W odpowiedzi, dziewczyna sięgnęła do leżącej pośród asortymentu Kim paczki nawilżonych środkiem dezynfekującym chusteczek i przekręcając lekko głowę starannie wytarła dłonie utrzymując kontakt wzrokowy.
- Nie ufasz w naszą troskę? I wybacz, ale mleko już się skończyło. - zażartowała, mimo wszystko uśmiechając się nieco, bo Curran wydał się jej zabawny.
- Ależ ufam, ufam... - Trudno było ocenić, czy Peter mówi prawdę, czy też mija się z nią szerokim łukiem. - Wszak w innym przypadku już by mnie tu nie było - dodał. - Na mnie wszystko się dość łatwo goi.
Trudno było orzec, czy parę blizn, które zdobiły (lub nie - rzecz gustu) jego ciało było tego dowodem, jako że świeże bynajmniej nie były.
- O, a to co?? - Powiedziała nagle Kim, spoglądając gdzieś wzrokiem w dal...a po dwóch sekundach, i w momencie gdy Peter (i Lyssa również), tam spojrzeli, najemnik dostał zastrzyk w okolice prawego pośladka! Oj trochę zabolało.
- No najgorsze za tobą - Odezwała się ponownie lekarka z przepraszającym uśmiechem - Przepraszam za podstęp… to na tężec było, tak w razie czego. Wybaczysz? - Spojrzała na mężczyznę tymi swoimi słodkimi, niebieskimi oczkami.
- Ze względu na obecność kobiet nie powiem, co myślę o takich podstępach - odparł Peter. - Ale nie jest dobrze, gdy kto przestaje wierzyć lekarzowi, bez względu na jego płeć. - Wzrok "rannego" przesunął się z oczu Kim nieco niżej... po chwili Peter ponownie spojrzał w oczy lekarki. - Nie ma o czym mówić, ale więcej się w taki sposób nie baw.

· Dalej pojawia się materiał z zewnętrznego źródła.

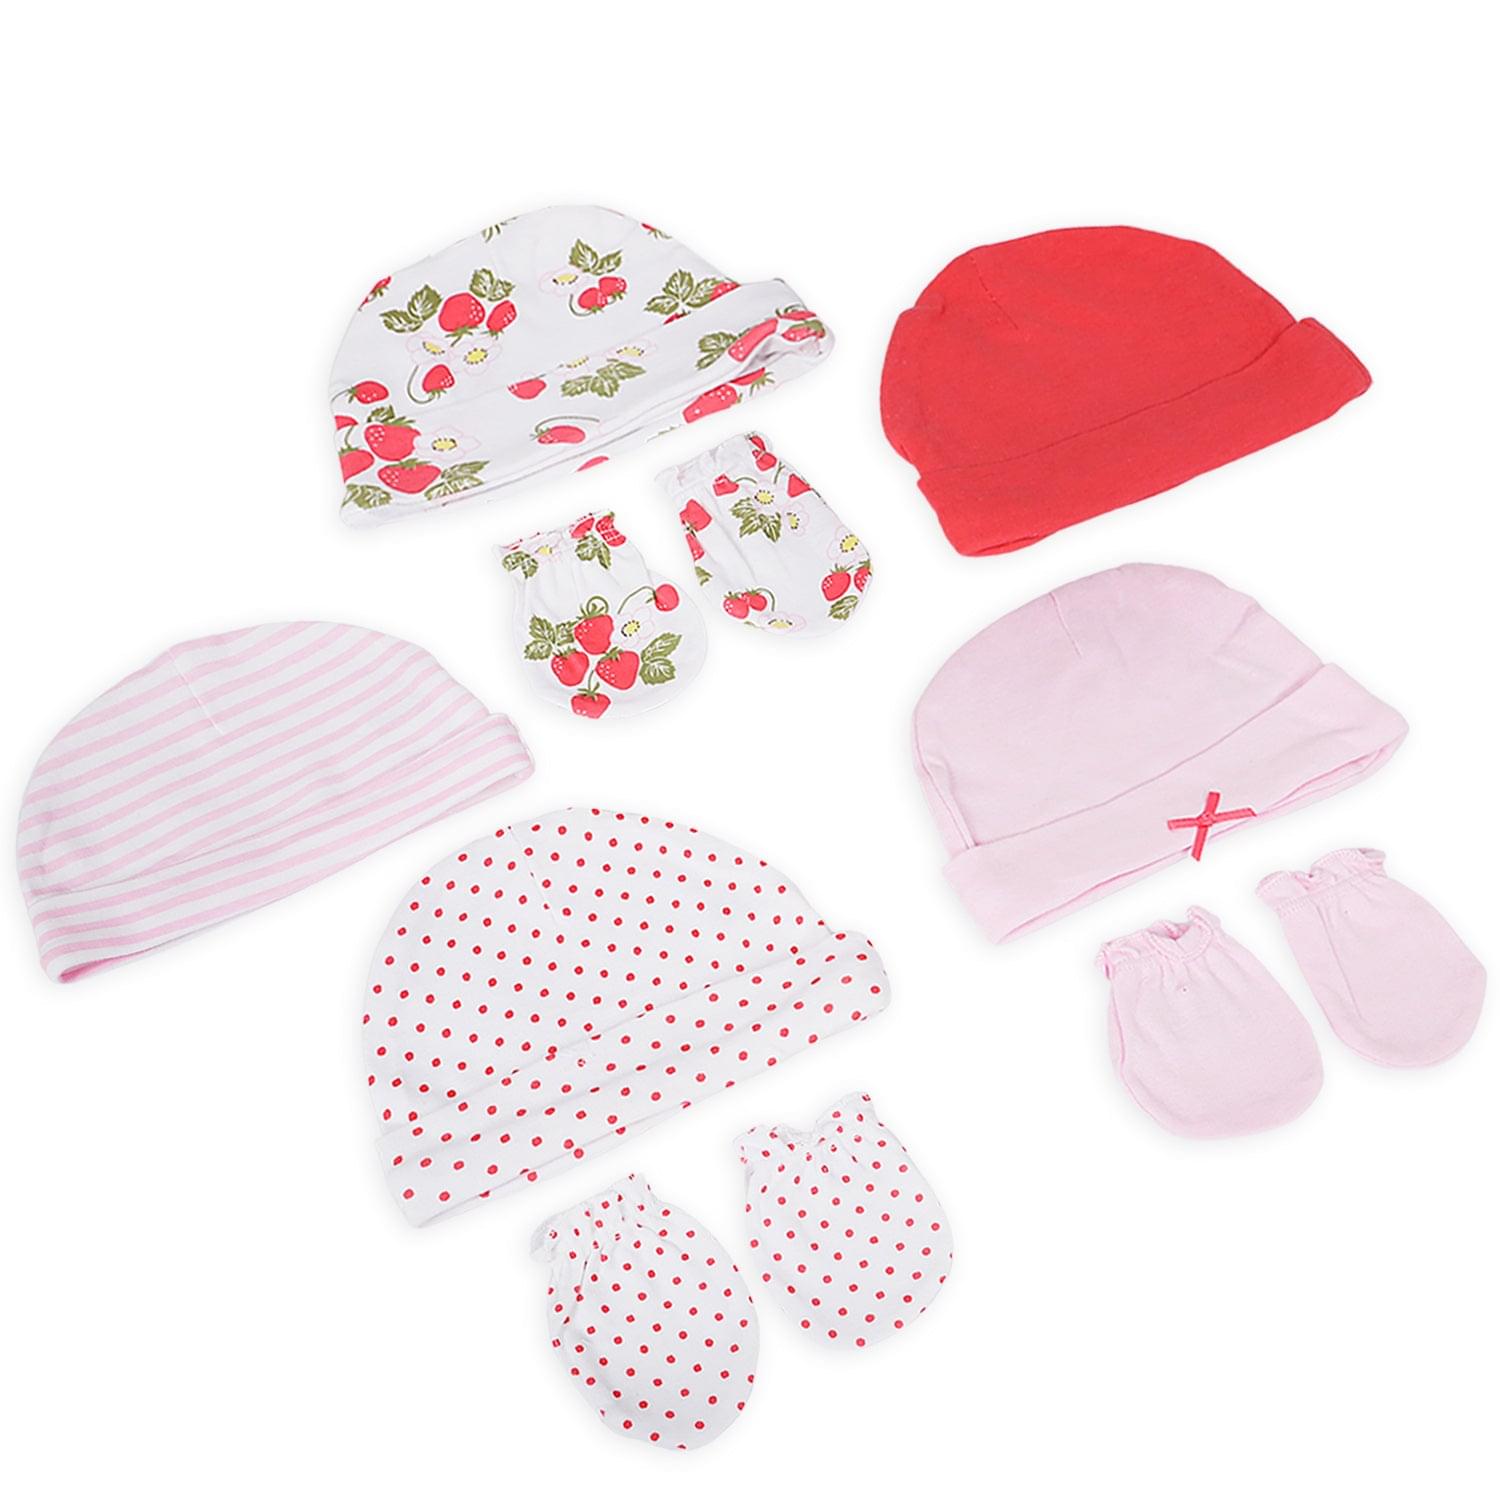 5 Caps And 3 Pair Mittens Gift Set Polka Dots Pink Red White - Baby Moo

Kiku też dała się nabrać i aż podskoczyła na widok znienacka wbijanej igły. Zdało się że lekko pobladła, bo z pewnością nie chciałaby sama być tak potraktowana. Sięgnęła po jakąś gazę i nasączyła ją środkiem do dezynfekowania ran, nic nie mówiąc. Jedną dłoń oparła miękko o ramię Petera, a drugą delikatnie i troskliwie zaczęła przecierać drobne rany na jego plecach. Chyba najemnik nie miał ochoty na więcej żartów.
Kim zrobiła markotną minę, odkładając strzykawkę.
- Myślałam, że najemnik… w szpitalu czasem tak robimy… przepraszam… - Wymamrotała.
- Nic się nie stało - zapewnił ją Peter.
Dziewczyna jednak w milczeniu zajęła się czym trzeba z pomocą Lyssy. Tu mały opatrunek, tam większy plaster, w paru miejscach nawet jakiś żel. Po kilku chwilach było więc wszystko już gotowe. Wręczyła tubkę Peterowi.
- Smaruj co dwie godziny te trzy miejsca… - Dotknęła palcem to tu to tam - Nic groźnego na plecach nie ma, ale lepiej dmuchać na zimne. Opatrywanie gotowe - Kim wysiliła się na przelotny uśmiech, po czym odstąpiła od mężczyzny, pakując rzeczy na powrót do plecaka. I jakoś tak unikała wzroku Petera.
- Jeśli nie zdołam dosięgnąć, to się zgłoszę ponownie - zapewnił Peter, podnosząc się z posłania. - Dziękuję bardzo za opiekę - dodał. - Ofiarowałbym z wdzięczności jakiś kwiatek, ale tutejsza roślinność bywa nieprzewidywalna... Może po powrocie się uda.[/i]
Gdy Kim rozmawiała z Peterem, Kiku odłożyła zużytą gazę i usiadła sobie obok, podciągając kolana do piersi i tak z rękoma założonymi na nogach zamyśliła się. Mogła nawet wydawać się lekko przygnębiona, ale wzrok wbity gdzieś w krzaki był skupiony i silny.
- Tobie też dziękuję. - Peter zwrócił się do Lyssy.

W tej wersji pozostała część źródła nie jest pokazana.